カテゴリー別アーカイブ: 油絵科

ボナールの見えざる技術

こんにちは。油絵科の関口です。それにしても今年は台風が多いですね。気温も乱高下して体調を崩している人も多いと思います。受験生の皆さんも風邪には気をつけましょうね。

さて先日、国立新美術館でやっているボナール展を見てきました。ボナールは19世紀末から20世紀中半に掛けて活躍し、ちょうど今から100年前位の画家になります。色彩豊かで穏やかな作風は、100年経っても色褪せることなく、世界中の人から愛されています。


今回の展覧会では、油彩だけでなく、リトグラフ、水彩、デッサン、写真(主にボナールが撮影)、プロジェクトマッピング(こちらは現代の技術なのでボナール作ではありません)まで幅広く展示されています。
油絵は大作や有名な作品も数点混ざっており「画集で見ていたあの作品が!」というものが間近で観られるチャンスです。

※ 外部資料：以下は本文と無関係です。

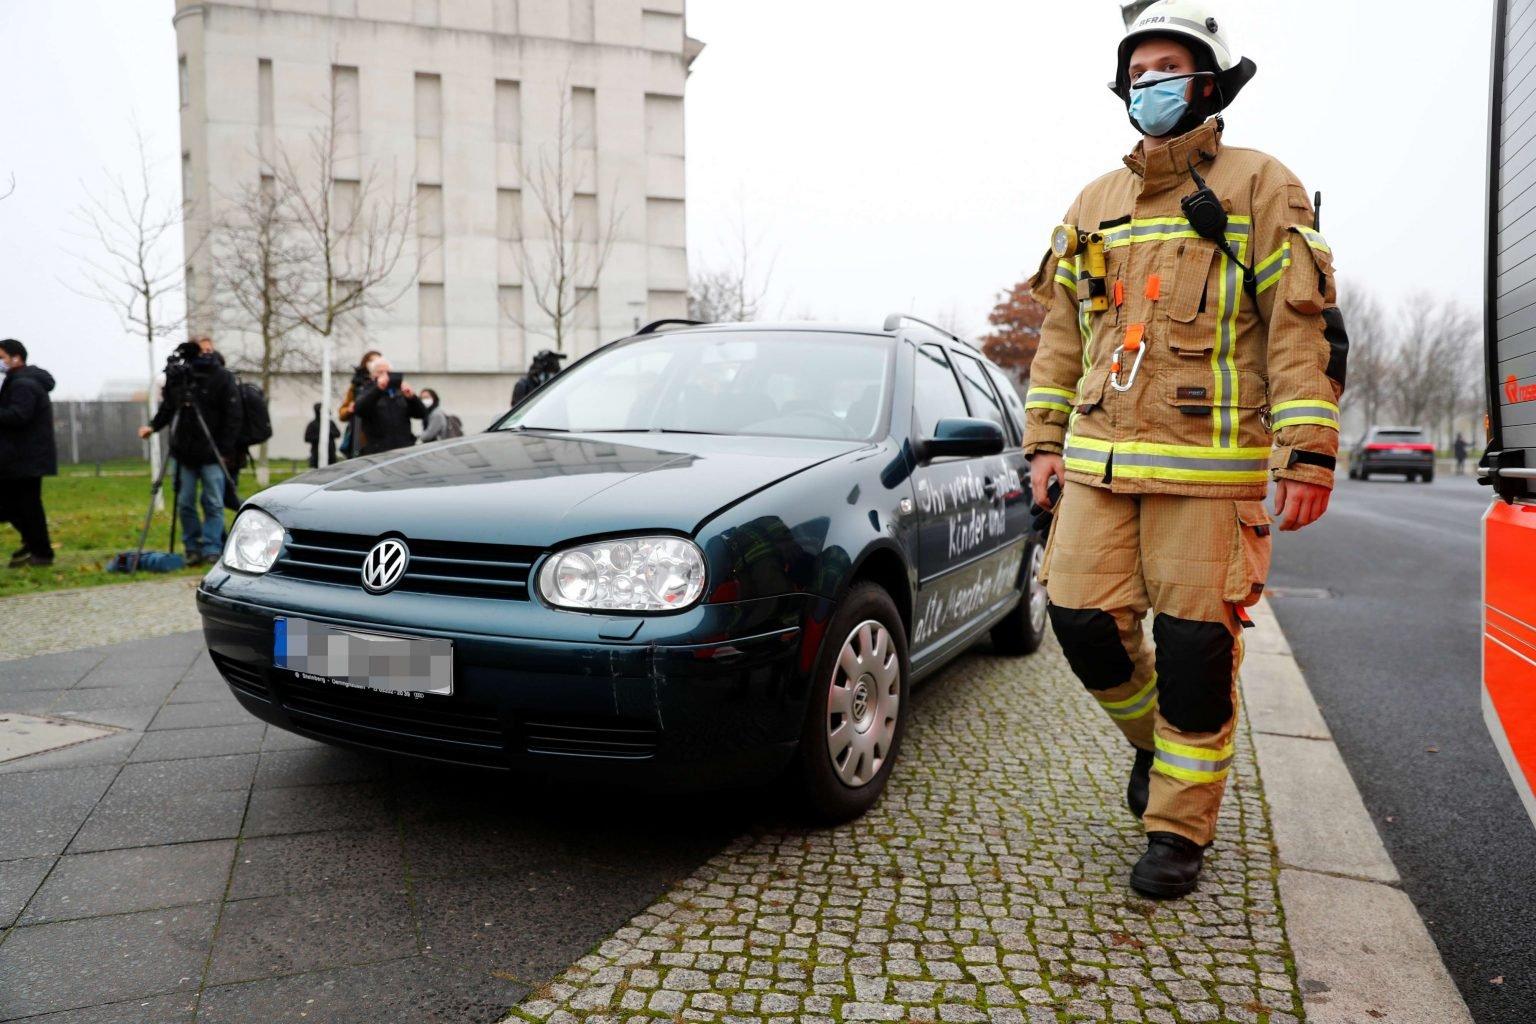 صورة صور.. سيارة تقتحم بوابة ديوان المستشارية الألمانية في برلين

さて、入って最初の部屋には初期の作品がズラリと並んでいるのですが、初期の頃は日本美術の影響がいたる所から感じられる事でしょう。そして作品タイトルの素材のところにデトランプという表記があるものがチラホラ。デトランプって何だろう?と思った人もいるかと思います。厳密な定義は難しいのですが、テンペラの一種で、一般的には膠(又はカゼイン)をメディウムとして使った絵具という解釈がなされています。
「庭の女たち」デトランプ、カンバスに裏打ちされた紙

恐らく日本美術に興味があったボナールは、日本画と同じく膠で絵を描こうと思って絵具を作ったのではないでしょうか?まぁ画材から考えてる事を推察するというのは、ちょっとマニアックな推理ですがね…。


この初期の油絵を見ると、一筆ひと筆とても丁寧に描かれているのが分かります。近寄ってよく見ると、まるでペルシャ絨毯を編んでいくかの様な、複雑なタッチの重なりです。色相変化と彩度変化を絶妙に操っているので、色の響き合いがとても美しい作品だと思いました。

あと、ボナールは室内のモデルを多数描いていますが、いわゆる肖像画とは全く異なる趣の作品を多数残しています。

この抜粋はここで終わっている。